In some cases, authors provide us privately with data that is not part of the public replication package (the part on openICPSR is generally public). We put this on the L-drive, or what used to be called the S-drive. Put the location of that here, if any:

s-drive <- "L:/Workspace/aearep-9999-implicit-nda"

Note

If you are working on Windows (e.g. CCSS-Cloud) then you would need to use / or \\ to write filepaths or use the file.path() function. So, for example, the above would become:

s-drive <- "L:\\Workspace\\aearep-9999-implicit-nda"

Wherever the author later references the confidential data, you can insert this placeholder, for instance:

# original author reference
# ols.data <- readRDS("data/confidential/analysis.Rds")
# you change it to
ols.data <- readRDS(file.path(s-drive,"data/confidential/analysis.Rds"))

Directory paths for log files, libraries, and other things#

config.R creates a subdirectory for log files, but does not automatically create the log file (in contrast to Stata). Here, you should add any additional directories that your debugging identifies as being necessary. Do write any path names with /, not \, and leave the directory names already listed untouched.

create.paths <- c("logs","libraries")

For instance, if the authors state that output should be written to “outputs”, you can add

create.paths <- c("logs","libraries","outputs")

The config.R will create these directories if they do not exist, later on.

Base directory#

The base directory (or here, rootdir) is the directory that contains the replication package, as intended by the author. How do you figure that out?

Example 1:

aearep-9999/
    123456/
        Replication-package/
            code/
            data/
            README.pdf

In this case, the base directory is aearep-9999/123456/Replication-package/.

Example 2:

aearep-9999/
    123456/
        code/
        data/
        README.pdf

In this case, the base directory is aearep-9999/123456/.

You do not actually need to hard-code this in the config.R file. We will use a package called here, which can detect this automatically, if some files are present:

  • The author has a rproj file - it will take that as the base directory.

  • The (hidden) file .here is present - it will take the directory that contains that as the base directory.

The here package will get confused by the presence of our git setup, so if the two above files are not present, we need to manually create the latter:

cd 123456/Replication-package

or

cd 123456

and then

touch .here
git add .here

depending on the case.

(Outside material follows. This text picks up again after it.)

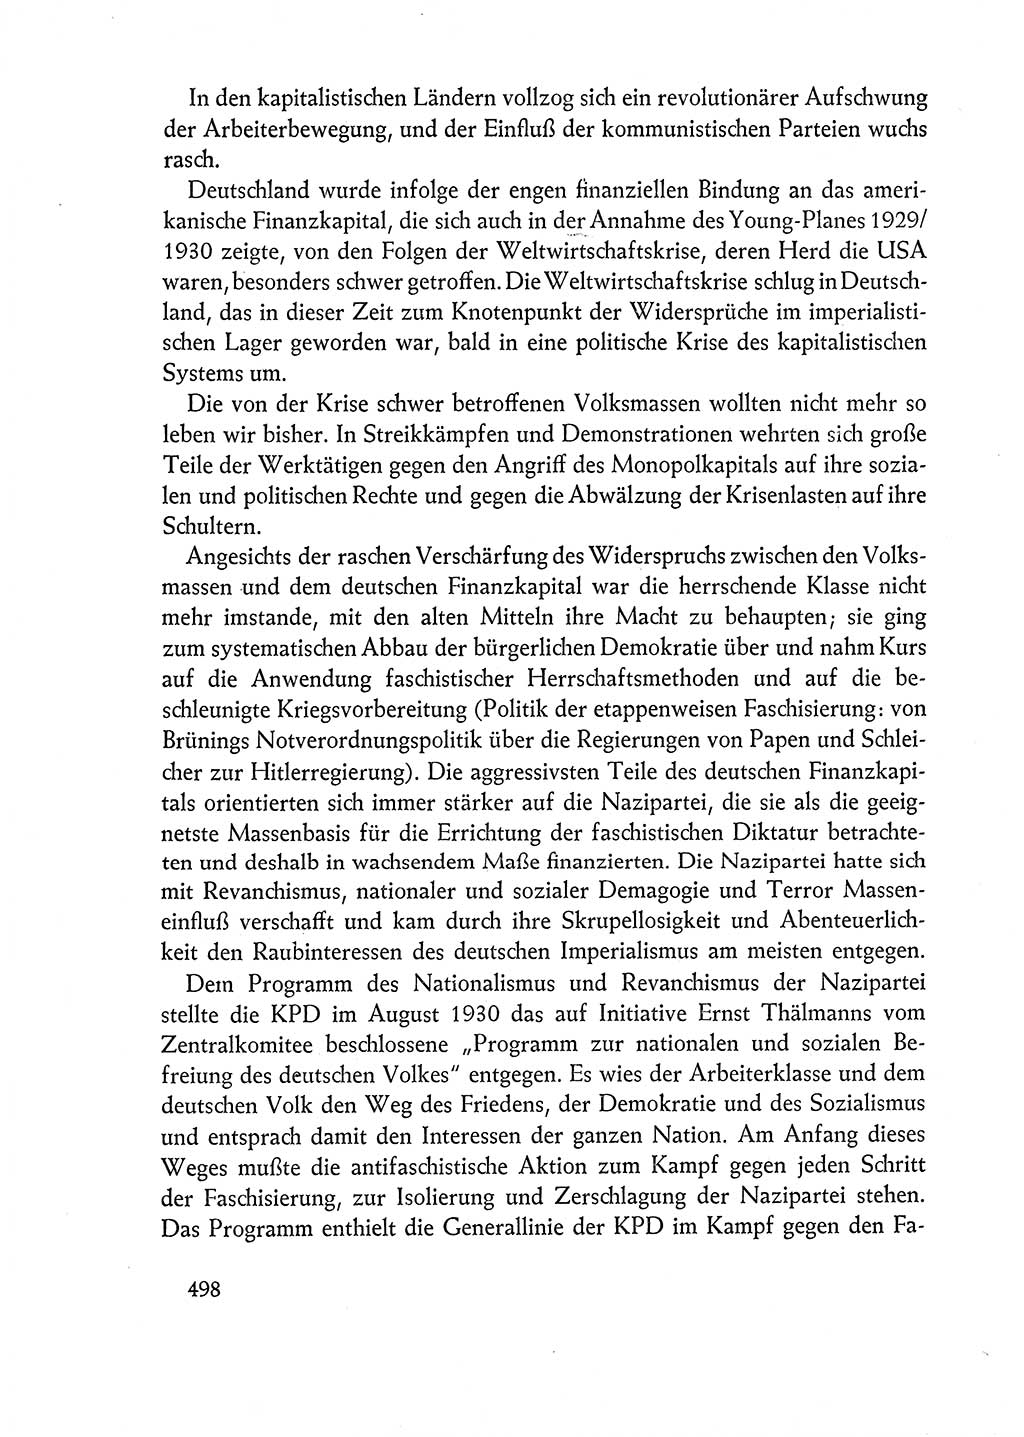 Dokumente der Sozialistischen Einheitspartei Deutschlands (SED) [Deutsche Demokratische Republik (DDR)] 1962-1963, Seite 498 (Dok. SED DDR 1962-1963, S. 498)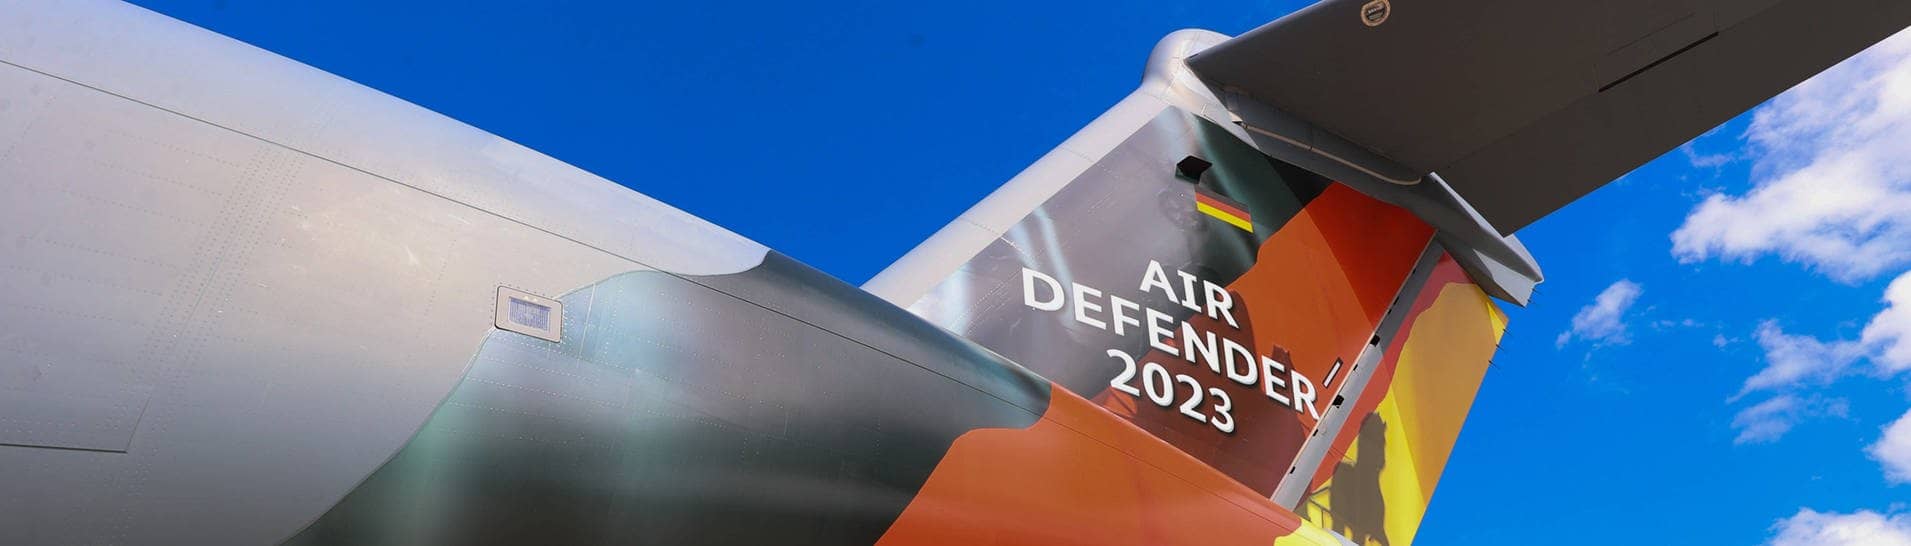 „Air Defender 23“ und eine Deutschlandflagge sind auf das Heckleitwerk eines Militärflugzeugs gedruckt

Now R will set the root directory correctly.

Note

If for some reason that does not work, simply override the automatic detection, by setting the rootdir manually, using / or \\ as appropriate for your OS:

rootdir <- "C:/user/Workspace/aearep-9999/123456/Replication-package"

Package installation source#

As mentioned earlier, there are multiple sources for the R libraries. We generally use the Posit Package Manager (PPM), which provides a snapshot functionality. We pick a date that is close to the date you run this, check whether it is a weekday (because for some reason, PPM does not take snaphshots on weekends), and then configure R to look there for packages. This is both faster and more reliable - mostly. It can sometimes fail.

posit.date <- Sys.Date() - 31
# posit.date <- "2020-01-01" # uncomment and set manually if the above does not work

If you have to re-run this multiple times, and add on packages, this might get out of sync with the first time you ran it, so you might adjust the posit.data manually.

Installing packages#

If the author’s code does not provide install commands, you will need to add any missing packages to a particular location in the config.R:

# global.libraries <- c("devtools","rprojroot")
# For example, you can add on two additional ones:
global.libraries <- c("devtools","rprojroot","readxl","ggplot2")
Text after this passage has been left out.